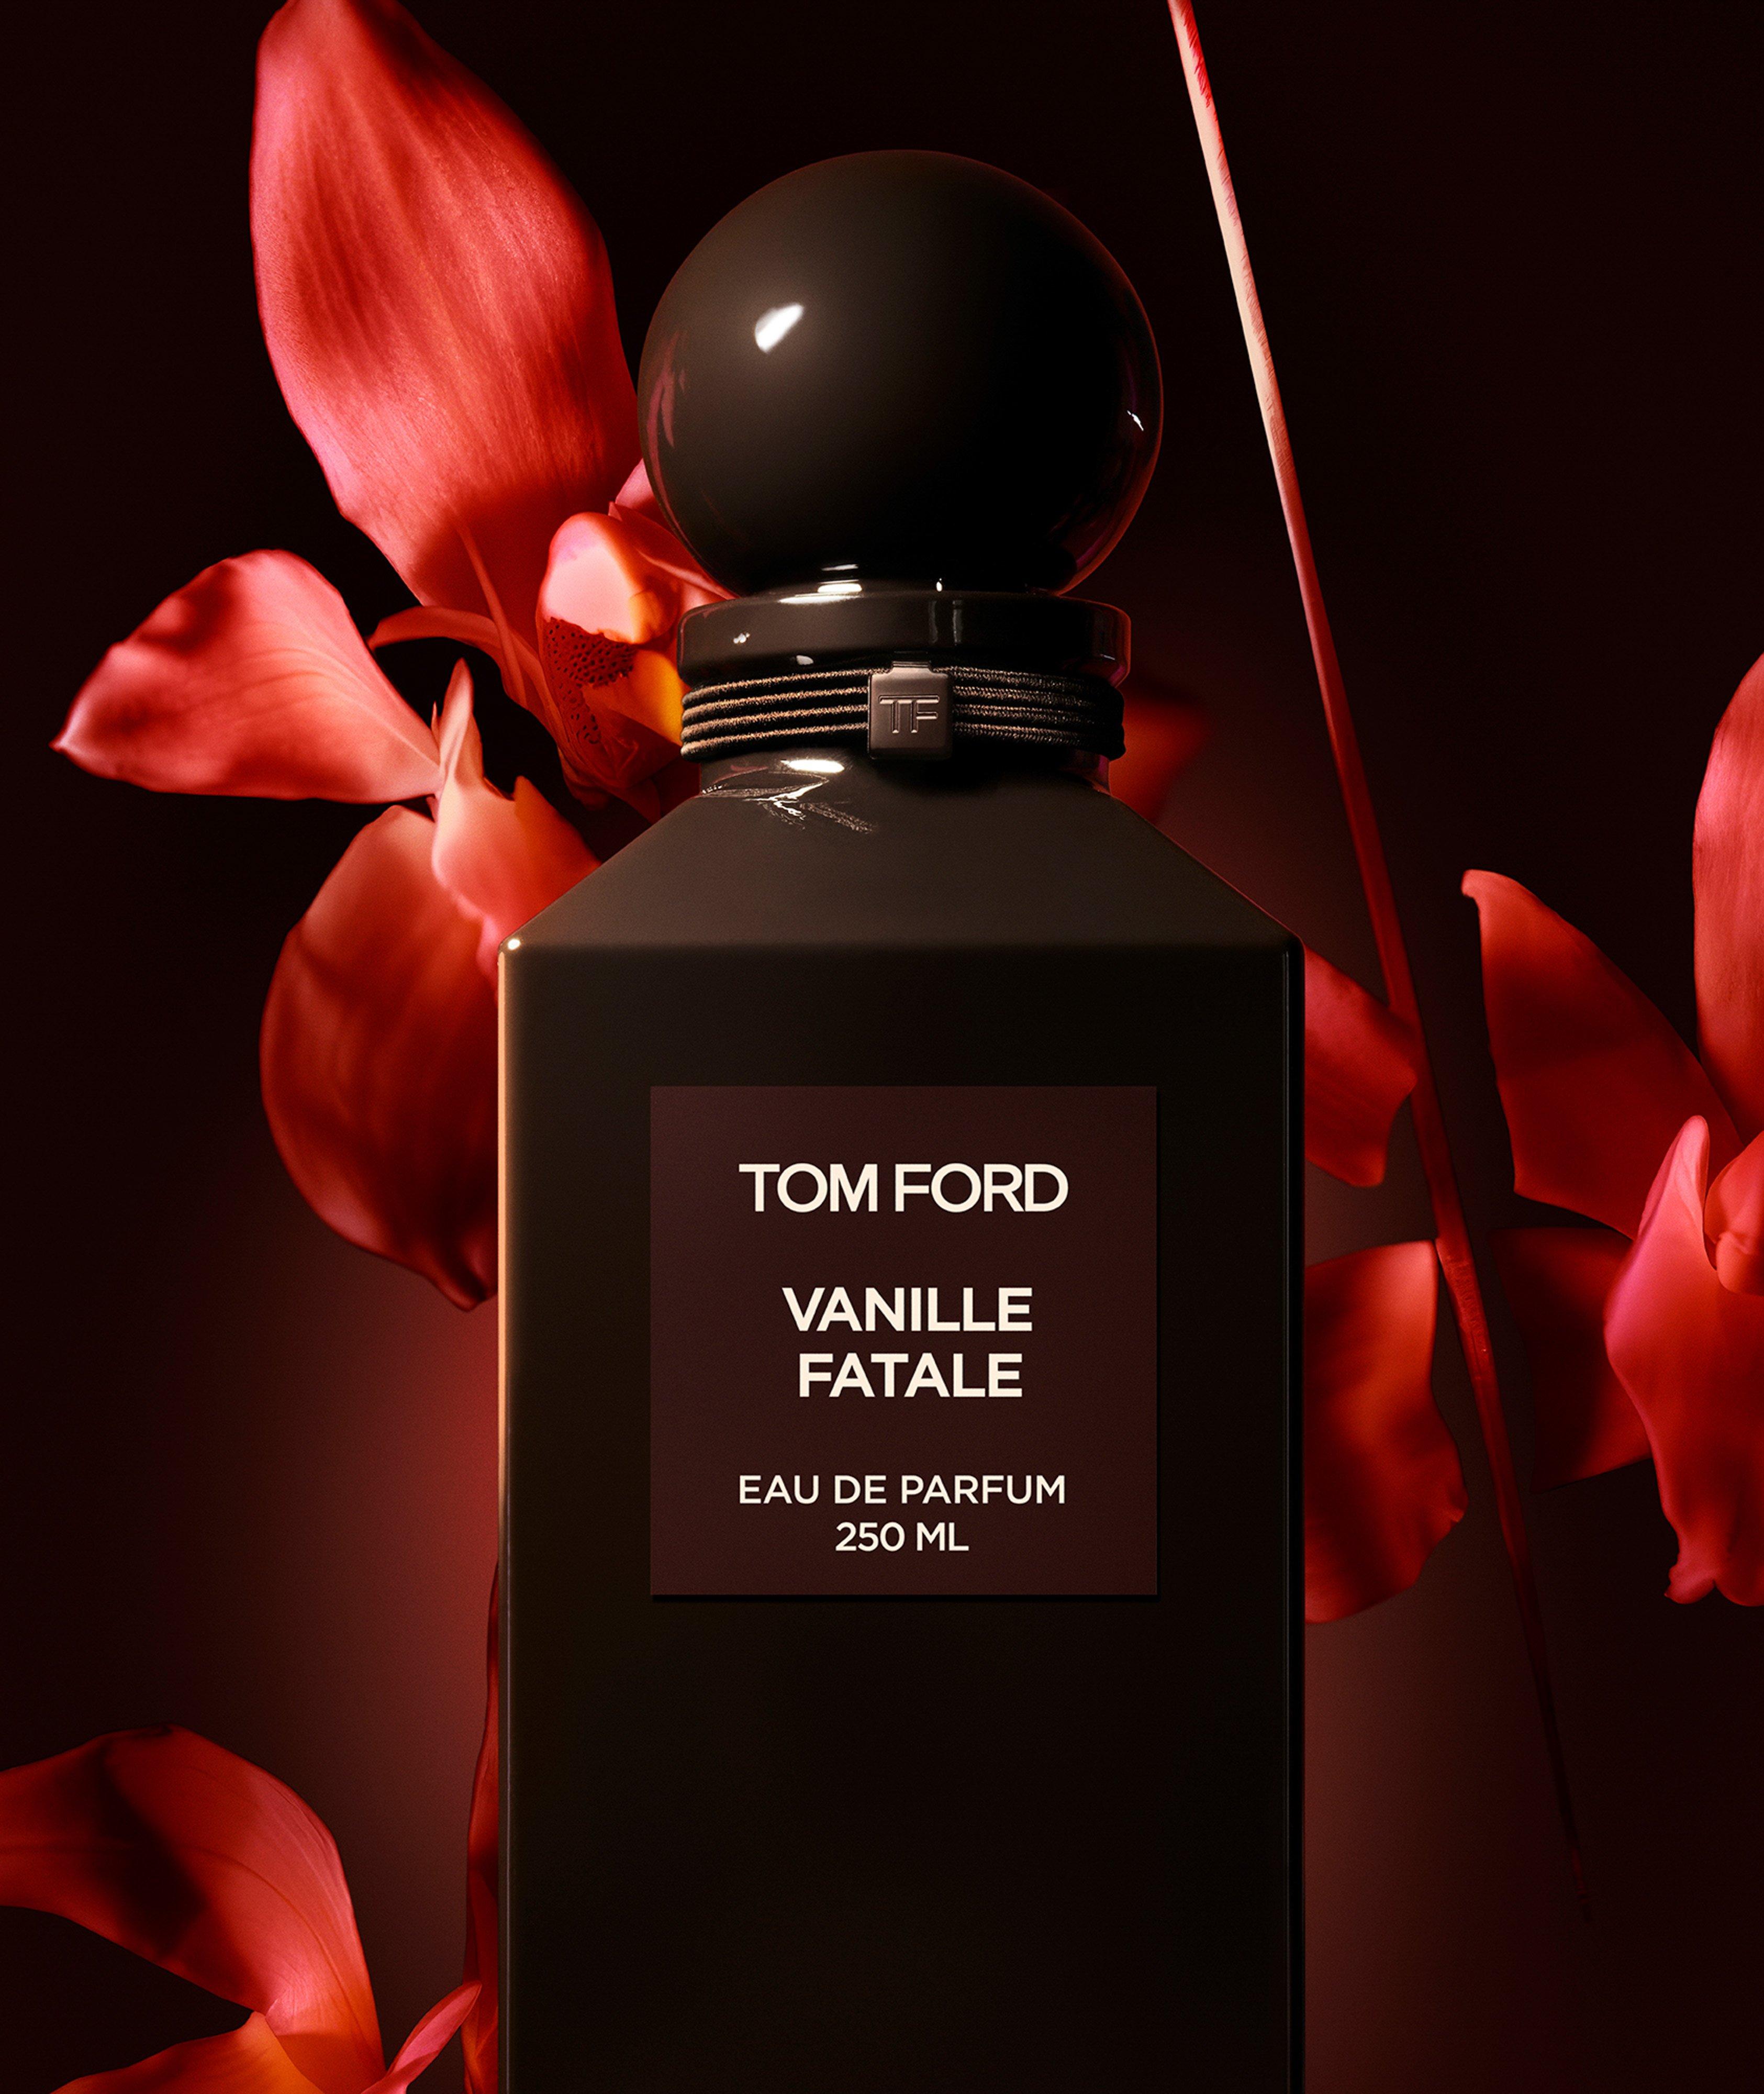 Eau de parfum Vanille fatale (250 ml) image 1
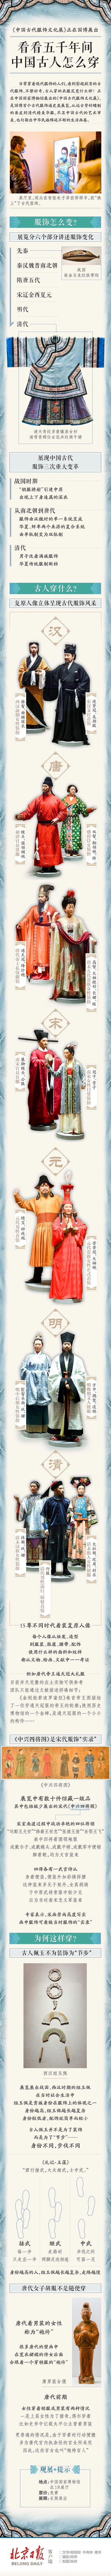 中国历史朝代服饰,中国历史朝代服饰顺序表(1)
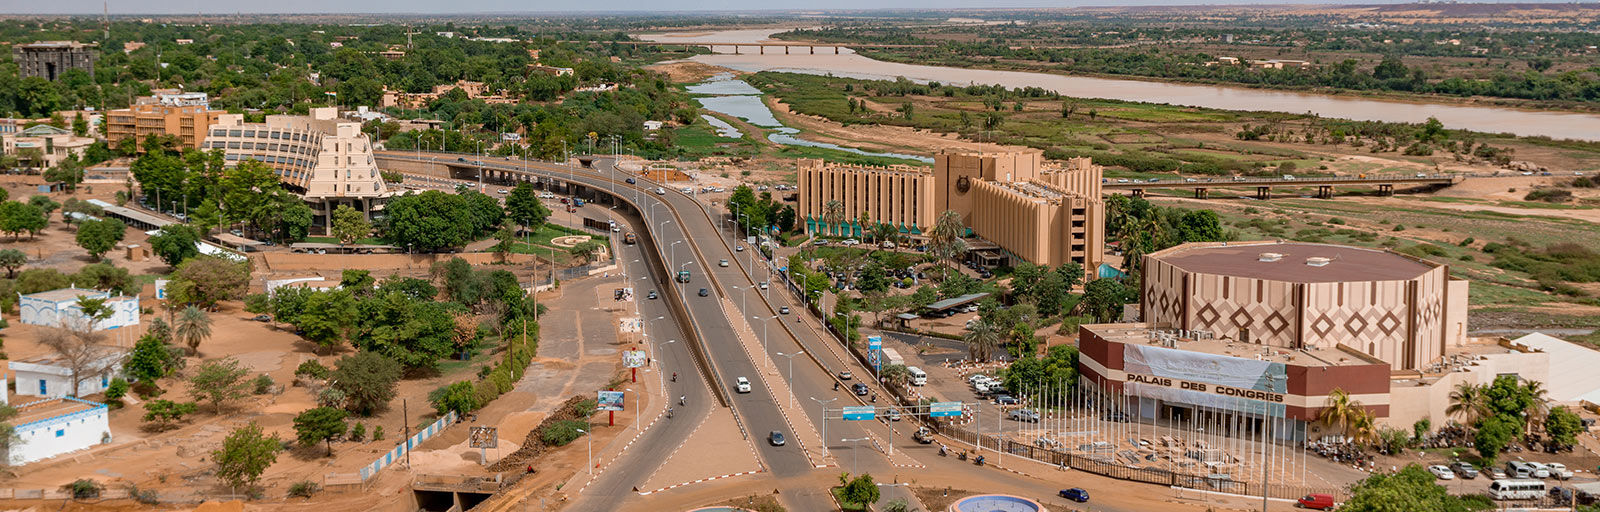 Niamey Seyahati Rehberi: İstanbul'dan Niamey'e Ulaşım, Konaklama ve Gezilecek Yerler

The problem — Return the whole listing word for word. Pictures stay out of it.

Response to the exercise —
 Eau de parfum Vanille fatale (250 ml) image 1
 中国历史朝代服饰,中国历史朝代服饰顺序表(1)
 Niamey Seyahati Rehberi: İstanbul'dan Niamey'e Ulaşım, Konaklama ve Gezilecek Yerler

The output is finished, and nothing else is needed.